Normal token list The first token list that is created has many basic simplifications. For example: There are no templates. Templates have been instantiated. There is no "else if". These are converted into "else { if .." The bodies of "if", "else", "while", "do" and "for" are always enclosed in "{" and "}". A declaration of multiple variables is split up into multiple variable declarations. "int a,b;" => "int a; int b;" All variables have unique ID numbers
Simplified token list The second token list that is created has all simplifications the normal token list has and then many more simplifications. For example: There is no sizeof There are no templates. Control flow transformations. NULL is replaced with 0. Static value flow analysis is made. Known values are inserted into the code. variable initialization is replaced with assignment The simple token list is written if you use --debug. For example, use cppcheck --debug test1.cpp and check this code: void f1() { int a = 1; f2(a++); } The result is: ##file test1.cpp 1: void f1 ( ) { 2: ; ; 3: f2 ( 1 ) ; 4: }
Reference To learn more about the token lists, the doxygen information for the Tokenizer is recommended. http://cppcheck.sourceforge.net/doxyoutput/classTokenizer.html
Reference There are many
Symbol database TODO: write more here.
Regular expressions Simple rules can be defined through regular expressions.

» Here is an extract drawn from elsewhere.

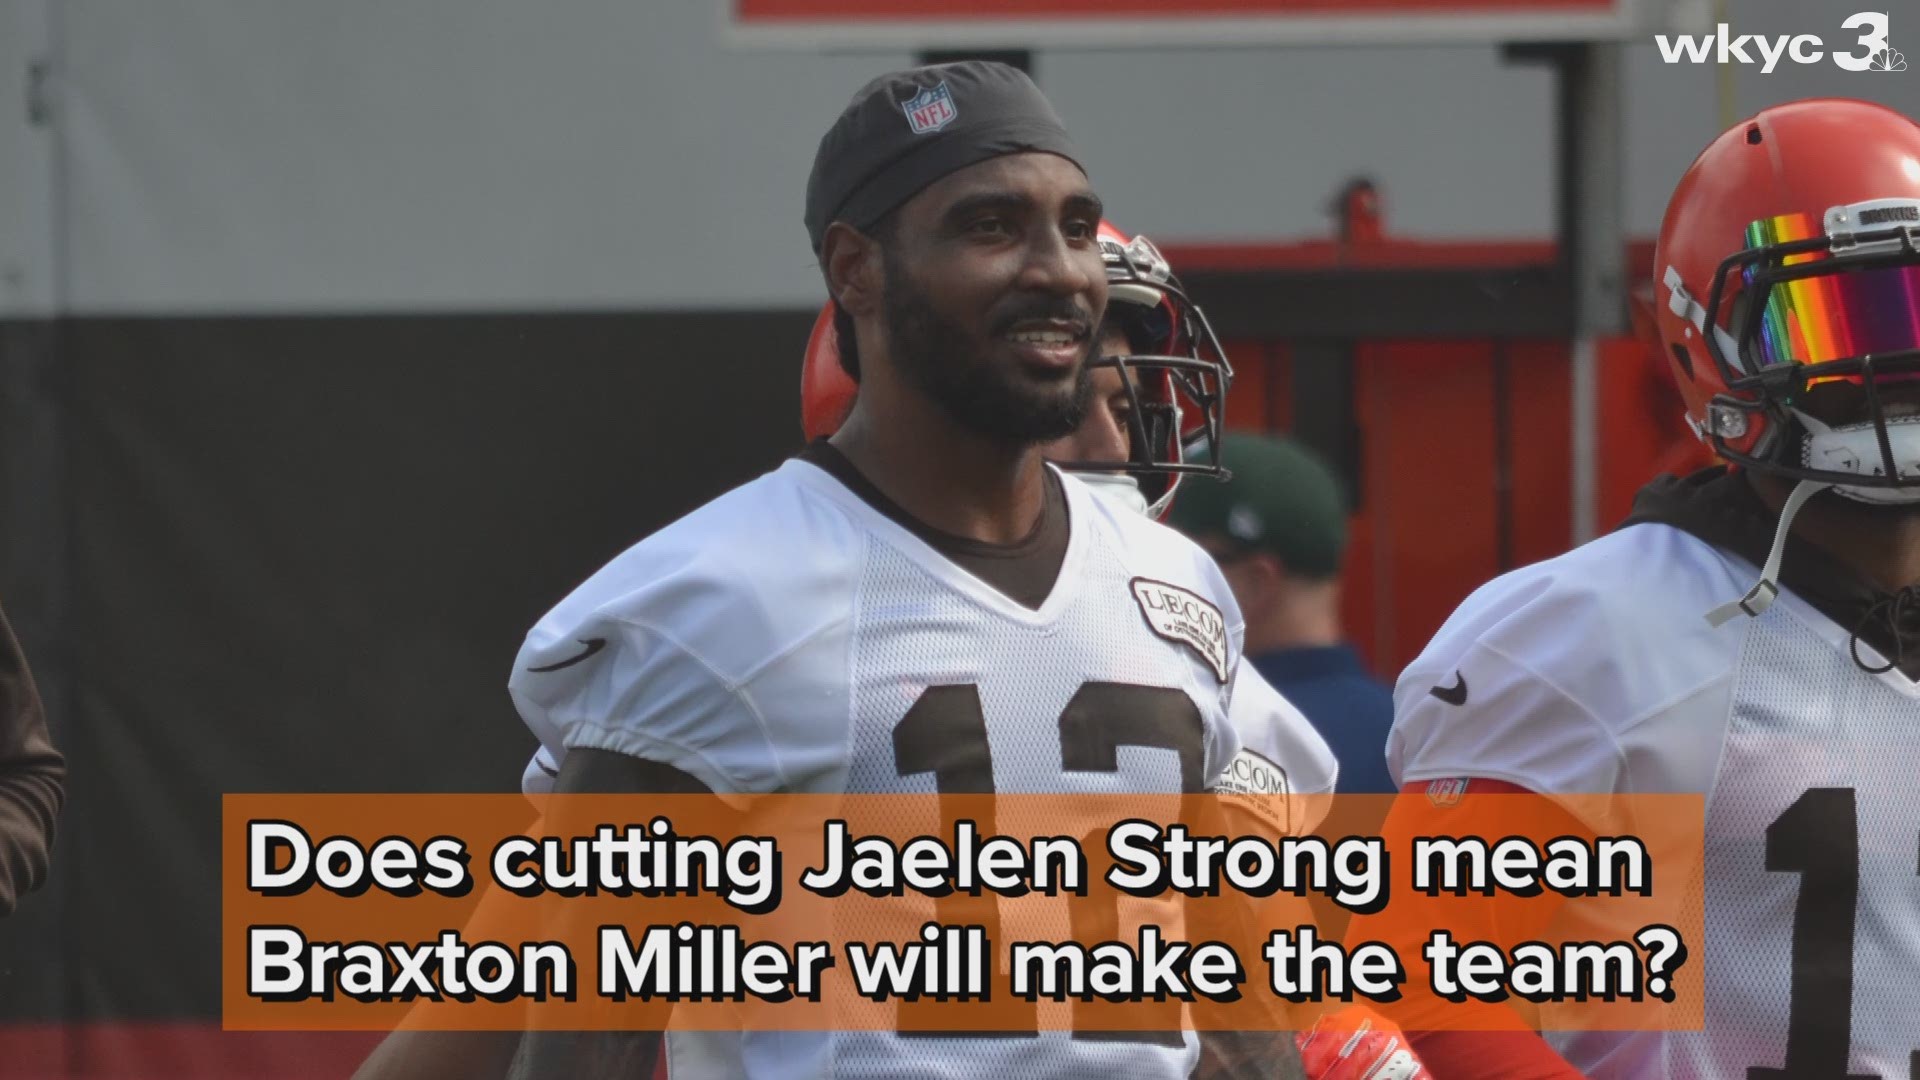 On Tuesday, the Cleveland Browns announced they have waived wide receiver Jaelen Strong, potentially opening the door for the team to keep Braxton Miller.  Final cuts are Saturday by 4:00 pm.

A rule consist of: a pattern to search for. an error message that is reported when pattern is found Here is an example: <?xml version="1.0"?> <rule data="simple"> <pattern> / 0</pattern> <message> <id>divbyzero</id> <severity>error</severity> <summary>Division by zero</summary> </message> </rule> It is recommended that you use the simple token list whenever you can. If you need some information that is removed in it then try the normal token list.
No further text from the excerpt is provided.